Mobile Device Simulation

Add mobile testing capabilities:

await this.page.setViewportSize({ width: 375, height: 667 });
await this.page.emulateMedia({ media: 'screen', colorScheme: 'dark' });

The Future of AI-Driven Web Automation

The combination of MCP and Playwright represents a significant shift toward more intelligent, adaptable web automation. As AI models become more sophisticated, we can expect to see:

Visual element recognition: AI that can understand page layouts without CSS selectors
Dynamic workflow adaptation: Automation that adjusts to unexpected page changes
Natural language test generation: Creating comprehensive test suites from user stories
Cross-browser intelligence: AI that optimizes tests for different browser behaviors

Early adoption of MCP for web automation gives you a foundation that will scale with these advancing capabilities.

Conclusion

Building an MCP server for Playwright transforms static web automation into dynamic, AI-driven interactions.
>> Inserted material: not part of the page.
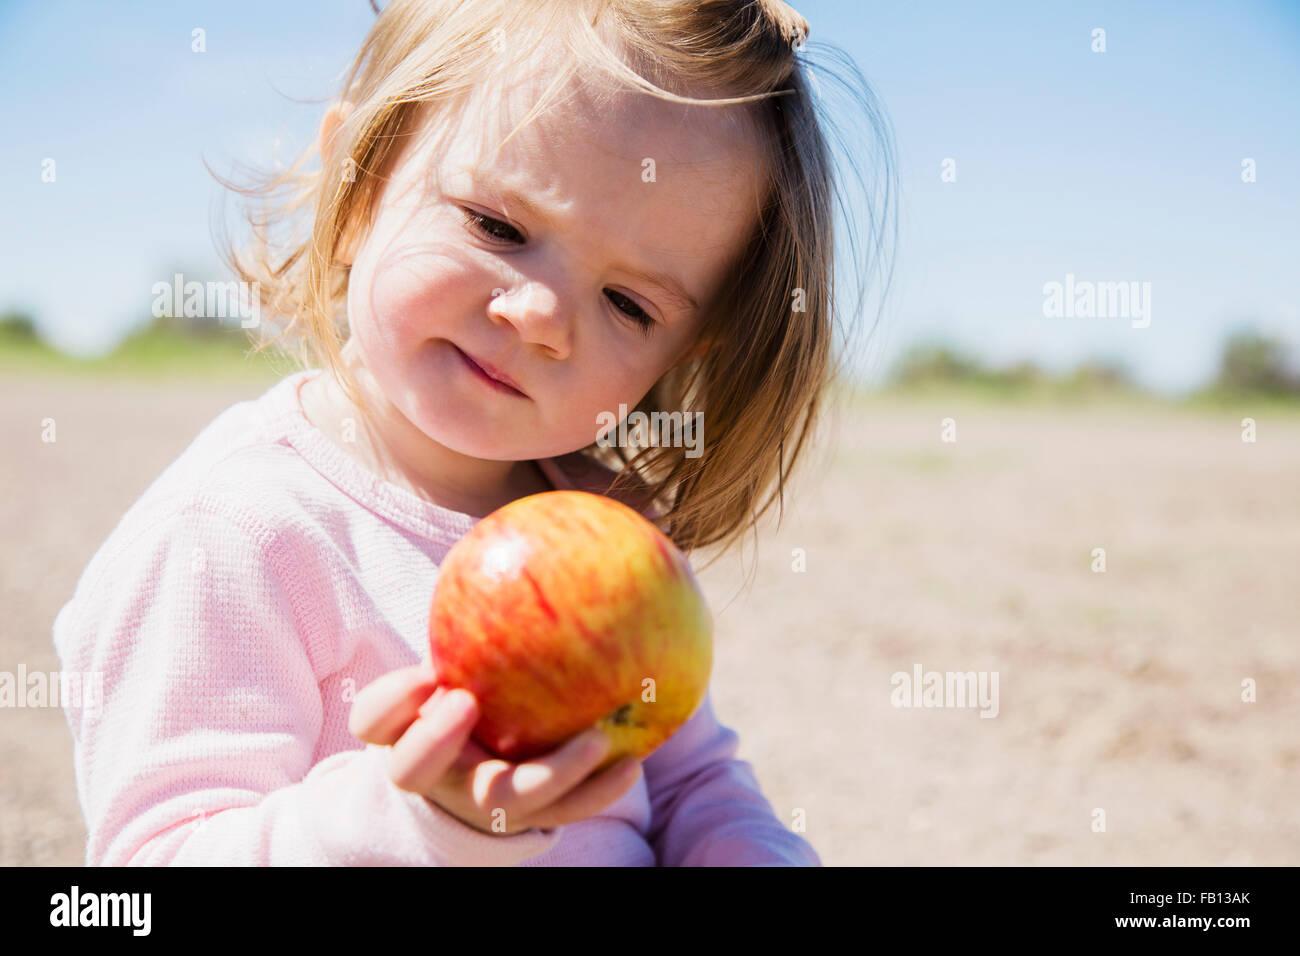 Porträt von Mädchen (2-3) Holding apple Stockbild

Instead of brittle scripts that break when websites change, you get intelligent automation that can adapt and evolve with your needs.

What makes this approach particularly powerful is its reusability—once you’ve built your MCP Playwright server, any AI application can leverage its capabilities. Whether you’re automating form submissions, extracting data for research, or building comprehensive test suites, the combination of MCP’s standardization with Playwright’s robust browser automation creates a powerful foundation for modern web interactions.

The architecture I’ve shown you here is just the beginning. As you use this setup, you’ll discover opportunities to add more sophisticated features like visual regression testing, performance monitoring, and advanced element detection strategies. The key is starting with solid foundations and iterating based on your specific use cases.

If you’re already working with web automation or considering adding AI capabilities to your testing workflows, I’d recommend starting with a simple MCP Playwright server like the one we built today. The investment in learning MCP now will pay dividends as the ecosystem continues to mature and expand.